2. The connection between RG flow and deep learning is rigorous in places, heuristic elsewhere. Mehta and Schwab (arXiv:1410.3831, 2014) constructed an exact mapping between Kadanoff's variational renormalization group and deep architectures built from Restricted Boltzmann Machines — precisely the building blocks Hinton and Salakhutdinov used. Koch-Janusz and Ringel (Nature Physics 14, 578–582, 2018) trained a neural network to identify the "relevant" slow degrees of freedom for an RG step by maximizing a mutual-information objective, supplying a principled bridge between information bottlenecks and Wilsonian coarse-graining. Zamolodchikov's c-theorem (1986) — and its higher-dimensional cousins (the four-dimensional a-theorem proved by Komargodski–Schwimmer 2011) — proves that a "c-function" counting effective degrees of freedom decreases monotonically along RG flow from UV to IR. This is the cleanest physical theorem we have stating that the world systematically forgets. The bridge to autoencoders and to neural pruning is by analogy at this point, but the analogy is structural: in each case a fine-grained representation is compressed by integrating out, projecting out, or pruning away modes that do not survive a downstream criterion.

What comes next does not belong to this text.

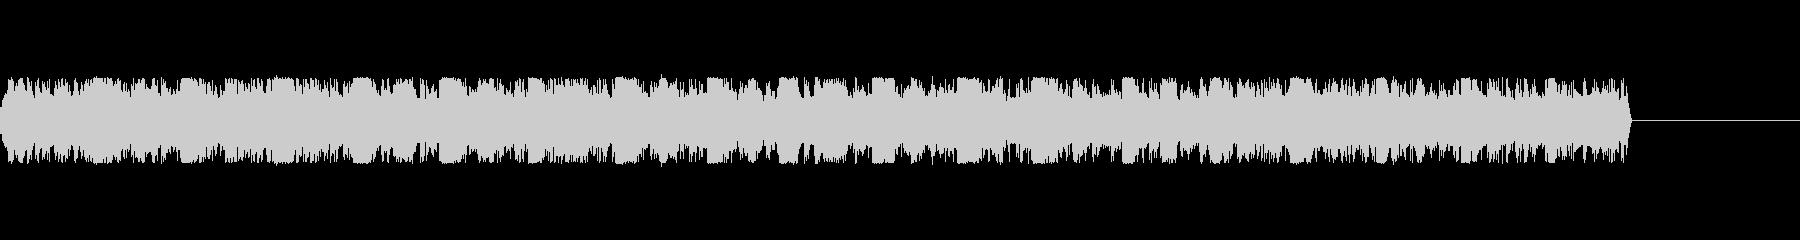 エンジン-実行中-ワークショップの未再生の波形

3. Holography reframes quantum gravity as a compression problem. The holographic principle of 't Hooft (1993) and Susskind (1995), generalizing Bekenstein's area-law entropy bound for black holes, asserts that the number of independent degrees of freedom inside a region scales not as the volume but as the area of its boundary in Planck units. Maldacena gave this principle a concrete realization: the bulk gravitational physics in AdS₅ × S⁵ is fully encoded in 𝒩 = 4 super-Yang–Mills on the four-dimensional boundary. Ryu and Takayanagi (PRL 2006) made the bridge sharper: the entanglement entropy of a boundary region equals (in Planck units) the area of the minimal bulk surface anchored to it. Van Raamsdonk (2010) then argued that "the emergence of classically connected spacetimes is intimately related to the quantum entanglement of degrees of freedom" — disentangle the boundary, and the bulk literally pulls apart. Swingle (arXiv:0905.1317, 2009; Phys. Rev. D 86, 065007, 2012) made this geometric in MERA tensor networks: "The discrete geometry that appears at the critical point is nothing but a discrete version of anti de Sitter space (AdS)," and the depth of a MERA — the number of coarse-grainings performed — plays the role of the AdS radial direction. The MERA is an RG circuit; the holographic radial direction is a renormalization scale. This is, in the technical literature, what AdS/CFT's emergent dimension actually means.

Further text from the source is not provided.